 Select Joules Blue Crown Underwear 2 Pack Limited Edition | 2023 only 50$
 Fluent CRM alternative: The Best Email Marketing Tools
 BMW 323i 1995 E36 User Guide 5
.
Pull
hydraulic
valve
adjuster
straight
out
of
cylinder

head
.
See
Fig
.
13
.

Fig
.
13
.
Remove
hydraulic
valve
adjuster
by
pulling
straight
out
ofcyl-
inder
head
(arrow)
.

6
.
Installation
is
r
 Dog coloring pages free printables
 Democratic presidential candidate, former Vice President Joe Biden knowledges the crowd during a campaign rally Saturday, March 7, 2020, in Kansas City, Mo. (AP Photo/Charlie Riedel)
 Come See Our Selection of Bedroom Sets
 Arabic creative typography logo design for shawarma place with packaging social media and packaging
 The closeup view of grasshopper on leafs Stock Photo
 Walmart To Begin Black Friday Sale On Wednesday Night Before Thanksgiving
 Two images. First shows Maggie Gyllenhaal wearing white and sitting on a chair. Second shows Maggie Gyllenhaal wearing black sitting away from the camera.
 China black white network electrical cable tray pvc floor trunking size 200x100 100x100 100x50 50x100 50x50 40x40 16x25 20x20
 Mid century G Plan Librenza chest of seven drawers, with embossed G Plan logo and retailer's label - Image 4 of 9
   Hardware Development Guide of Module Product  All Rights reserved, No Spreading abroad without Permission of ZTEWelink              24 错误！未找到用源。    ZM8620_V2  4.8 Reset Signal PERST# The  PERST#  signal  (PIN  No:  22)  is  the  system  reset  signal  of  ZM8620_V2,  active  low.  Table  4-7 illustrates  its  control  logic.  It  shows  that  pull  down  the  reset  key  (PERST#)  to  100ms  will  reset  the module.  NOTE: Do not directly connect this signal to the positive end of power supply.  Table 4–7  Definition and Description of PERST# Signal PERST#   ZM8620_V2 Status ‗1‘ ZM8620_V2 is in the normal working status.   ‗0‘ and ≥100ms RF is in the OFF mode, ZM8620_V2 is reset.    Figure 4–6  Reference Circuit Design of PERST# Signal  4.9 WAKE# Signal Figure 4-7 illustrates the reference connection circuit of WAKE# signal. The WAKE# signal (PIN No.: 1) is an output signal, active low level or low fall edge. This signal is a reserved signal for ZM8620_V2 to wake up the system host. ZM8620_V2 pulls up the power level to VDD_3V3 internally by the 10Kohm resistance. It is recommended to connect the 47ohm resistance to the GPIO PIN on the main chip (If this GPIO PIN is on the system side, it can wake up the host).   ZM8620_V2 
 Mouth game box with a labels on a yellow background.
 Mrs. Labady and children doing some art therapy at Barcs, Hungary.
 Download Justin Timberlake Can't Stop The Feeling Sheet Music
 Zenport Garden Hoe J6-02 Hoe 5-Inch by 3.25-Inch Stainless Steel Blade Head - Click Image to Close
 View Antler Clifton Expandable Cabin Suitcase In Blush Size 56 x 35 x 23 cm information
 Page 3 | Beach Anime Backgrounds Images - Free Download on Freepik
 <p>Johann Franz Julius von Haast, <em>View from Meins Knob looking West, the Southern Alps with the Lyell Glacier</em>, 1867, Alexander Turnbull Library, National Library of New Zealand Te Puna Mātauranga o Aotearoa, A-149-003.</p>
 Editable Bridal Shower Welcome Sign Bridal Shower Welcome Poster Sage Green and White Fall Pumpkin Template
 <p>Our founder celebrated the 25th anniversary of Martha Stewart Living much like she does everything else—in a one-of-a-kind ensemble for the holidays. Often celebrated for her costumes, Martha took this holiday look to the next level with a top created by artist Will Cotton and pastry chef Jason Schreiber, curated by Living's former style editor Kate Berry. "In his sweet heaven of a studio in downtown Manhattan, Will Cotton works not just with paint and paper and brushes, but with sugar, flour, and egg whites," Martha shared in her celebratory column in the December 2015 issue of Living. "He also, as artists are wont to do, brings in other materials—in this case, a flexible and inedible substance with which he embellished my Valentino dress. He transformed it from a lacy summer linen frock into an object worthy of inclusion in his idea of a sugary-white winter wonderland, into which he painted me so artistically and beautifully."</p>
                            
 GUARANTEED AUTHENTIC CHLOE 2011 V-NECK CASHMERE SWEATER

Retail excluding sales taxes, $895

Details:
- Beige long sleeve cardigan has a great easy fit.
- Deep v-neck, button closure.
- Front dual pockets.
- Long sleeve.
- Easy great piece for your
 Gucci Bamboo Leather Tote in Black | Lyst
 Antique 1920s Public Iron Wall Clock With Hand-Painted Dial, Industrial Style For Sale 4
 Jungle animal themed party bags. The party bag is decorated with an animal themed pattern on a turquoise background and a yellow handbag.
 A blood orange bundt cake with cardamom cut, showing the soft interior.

◆ **TASK DIRECTIONS**:
Nothing but the lines from the one holding "Jungle animal themed" through the end of the listing above should appear, each exactly as given.

◆ **WRITTEN SOLUTION**:
 Jungle animal themed party bags. The party bag is decorated with an animal themed pattern on a turquoise background and a yellow handbag.
 A blood orange bundt cake with cardamom cut, showing the soft interior.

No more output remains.